Misconfigured TEX Bits and SMP Coherency Settings
The root cause of the issue lies in the interplay between the TEX bit configuration, the SMP (Symmetric Multiprocessing) bit in the ACTLR (Auxiliary Control Register), and the L2 cache controller’s behavior. The TEX[2:0] setting of 100 with C=1 and B=1 is designed to enable L1 caching while bypassing the L2 cache. However, this configuration assumes that the L2 cache controller will honor the TEX settings and not cache any data for CPU1. In reality, the L2 cache controller may still cache data for CPU1 if the SMP bit in the ACTLR is set, indicating that the Cortex-A9 processor is part of a coherency domain.

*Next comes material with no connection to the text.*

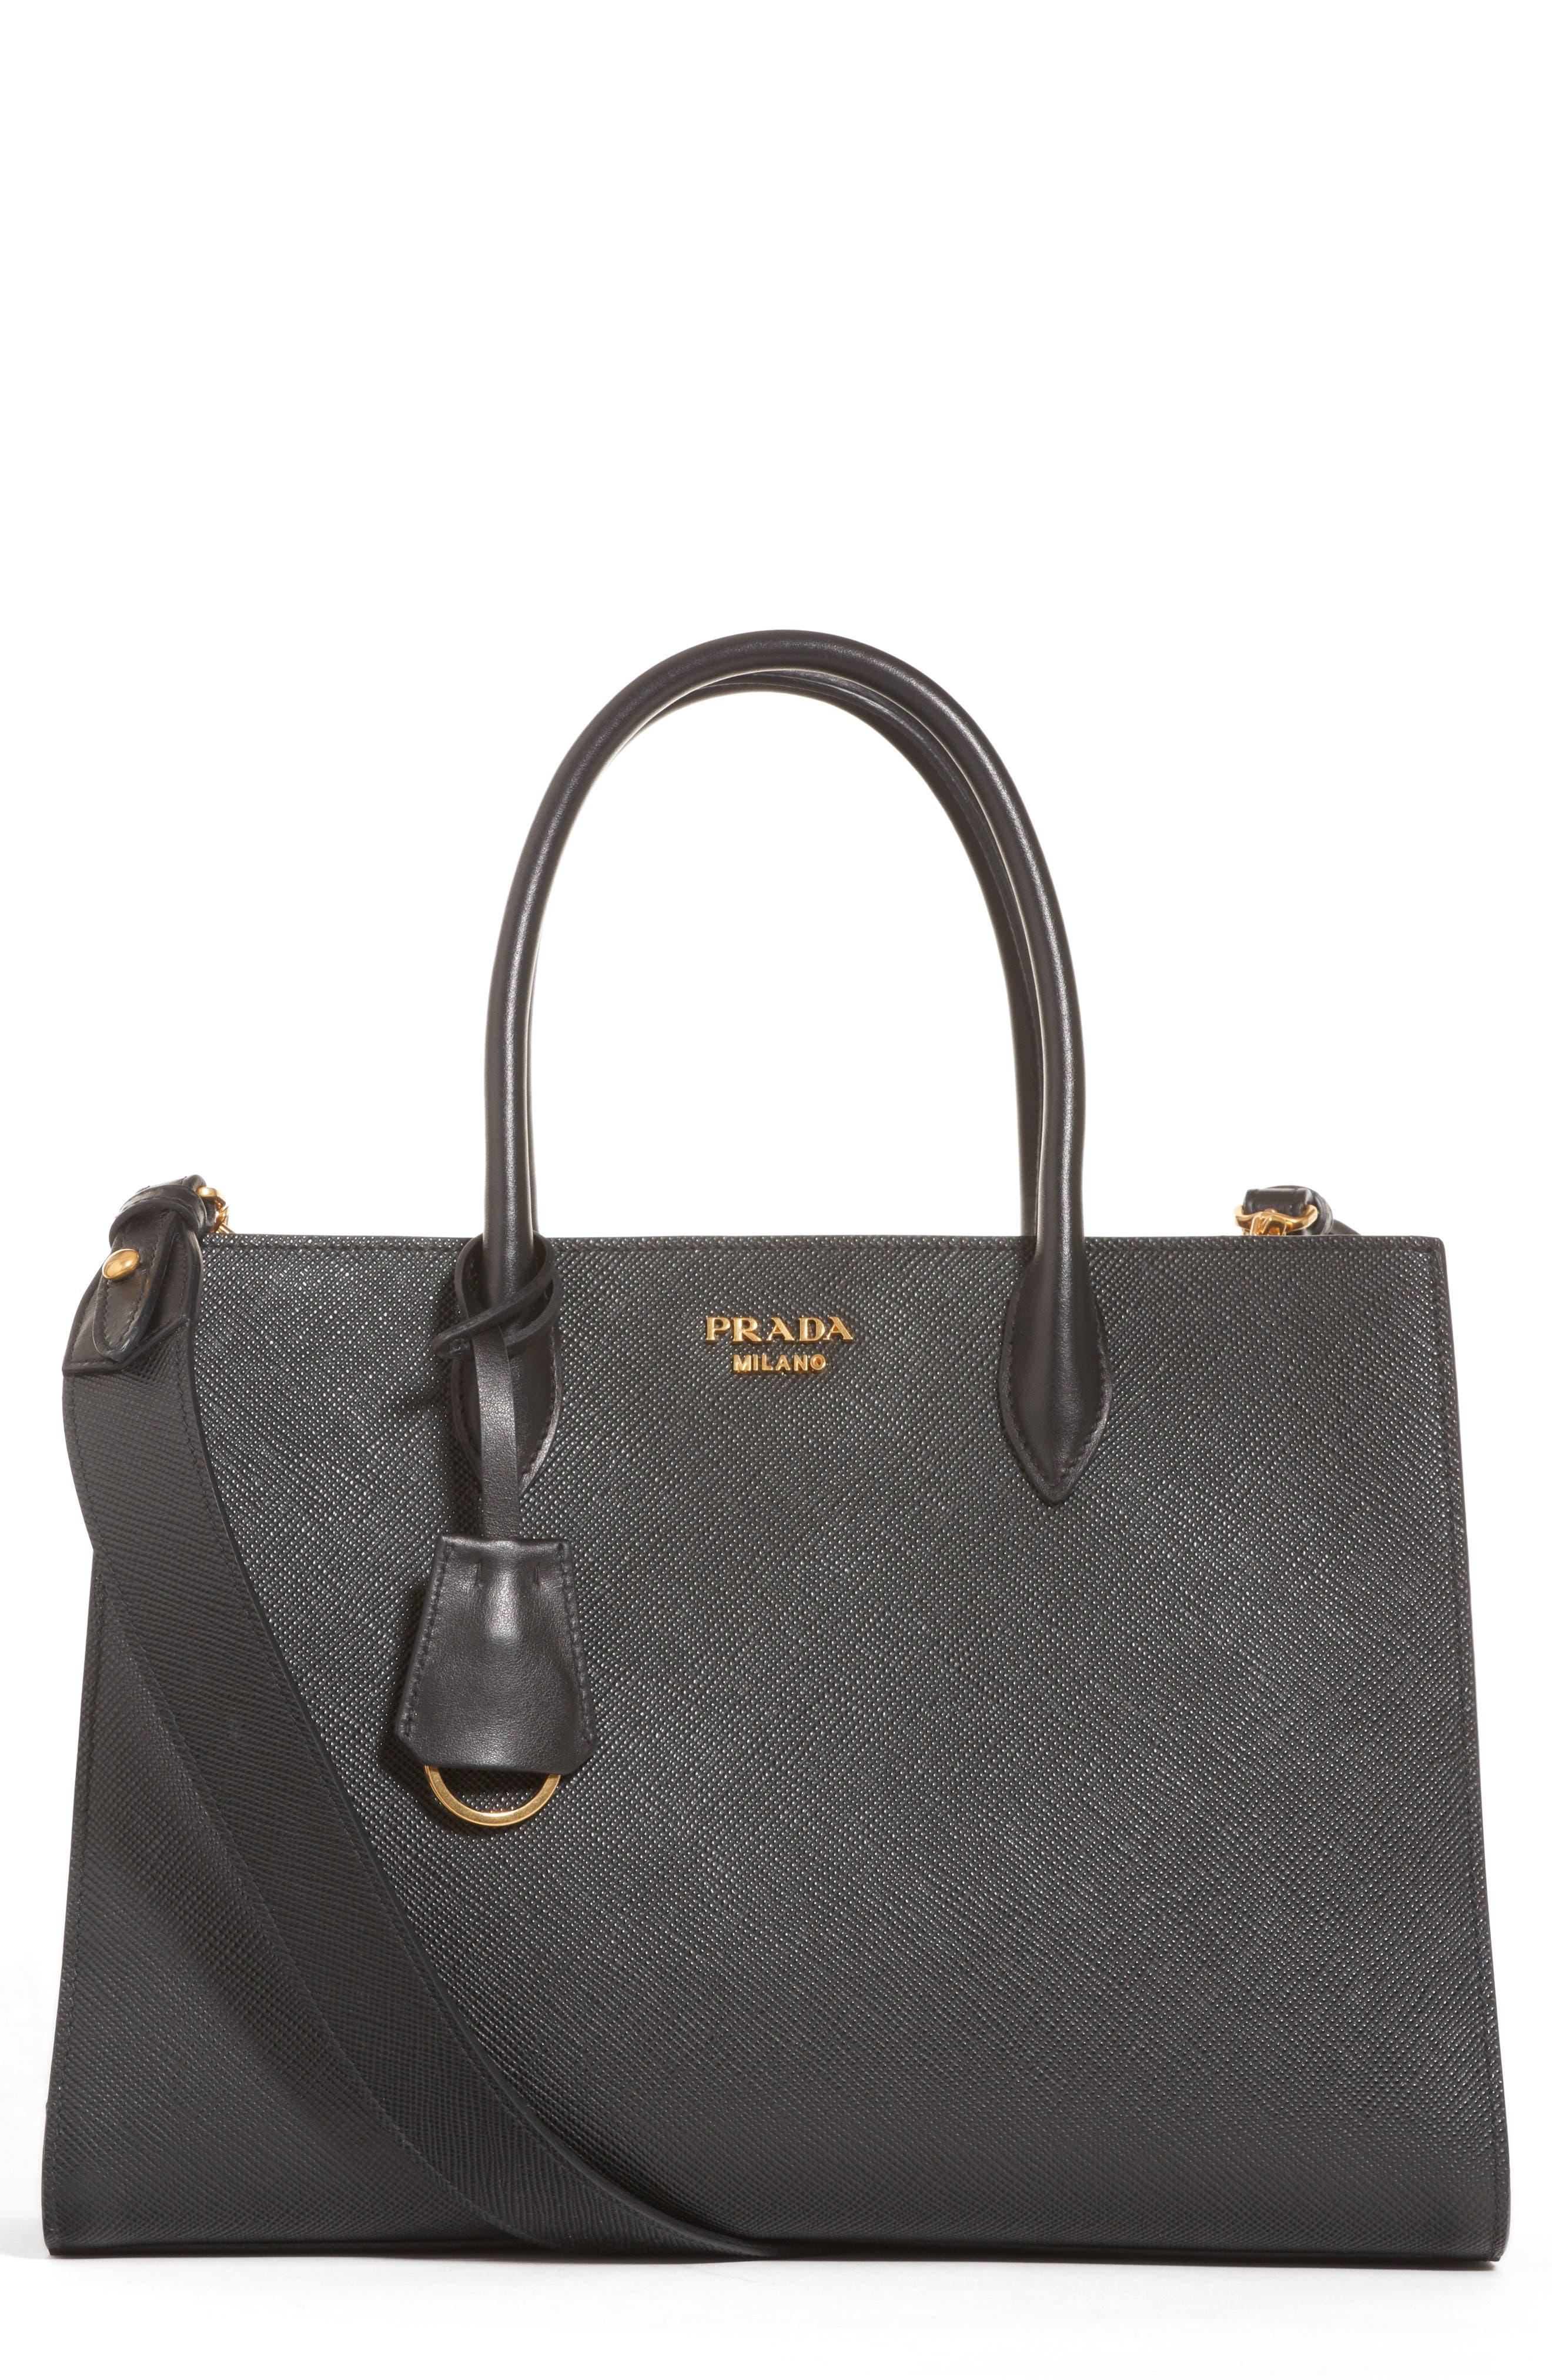 Medium Saffiano Leather Tote,                         Main,                         color, 001

The SMP bit, when set, enables cache coherency mechanisms between the L1 caches of multiple cores and the shared L2 cache. If the SMP bit is not explicitly cleared for CPU1, the L2 cache controller may treat CPU1’s memory accesses as cacheable, even if the TEX bits suggest otherwise. This behavior is further complicated by the fact that the Linux kernel running on CPU0 may have enabled SMP support, which could inadvertently affect CPU1’s cache behavior. Additionally, the L2 cache controller’s support for cache lockdown—a feature that allows specific cache ways to be allocated exclusively to one CPU—does not inherently prevent other CPUs from accessing those cache lines, leading to potential coherency issues.
Correcting TEX Bit Configuration and Disabling SMP Coherency
To resolve the issue, a multi-step approach is required to ensure that CPU1’s memory accesses bypass the L2 cache and remain isolated from cache coherency mechanisms. First, the TEX[2:0] bits must be configured correctly to enforce L1-only caching for CPU1. The recommended setting is TEX[2:0]=100 with C=1 and B=1, which should theoretically limit caching to L1. However, this setting alone is insufficient if the SMP bit in the ACTLR is set. Therefore, the SMP bit must be explicitly cleared for CPU1 to disable its participation in cache coherency. This can be achieved by modifying the ACTLR register during CPU1’s initialization sequence.
Next, the Linux kernel running on CPU0 must be configured to avoid enabling SMP support if it is not required. This involves setting CONFIG_SMP=n
in the kernel configuration to ensure that CPU0 does not inadvertently enable coherency mechanisms that could affect CPU1. Additionally, the L2 cache controller’s behavior must be carefully examined to ensure that it respects the TEX bit settings and does not cache data for CPU1. If the L2 cache controller supports cache lockdown, this feature can be used to allocate specific cache ways exclusively to CPU0, preventing CPU1 from accessing them. However, this approach requires careful configuration to avoid performance degradation on CPU0.
Finally, cache maintenance operations must be performed explicitly to ensure data consistency between CPU1’s L1 cache and DDR memory. Since CPU1 is not participating in cache coherency, any shared data must be flushed from the L1 cache to DDR memory before notifying CPU0 of its availability. This can be achieved using the cache maintenance functions provided by the Xilinx framework, ensuring that only the L1 cache is flushed and the L2 cache remains unaffected. By combining these steps, the system can achieve the desired isolation of CPU1 from cache coherency mechanisms, ensuring reliable operation in a heterogeneous multi-core environment.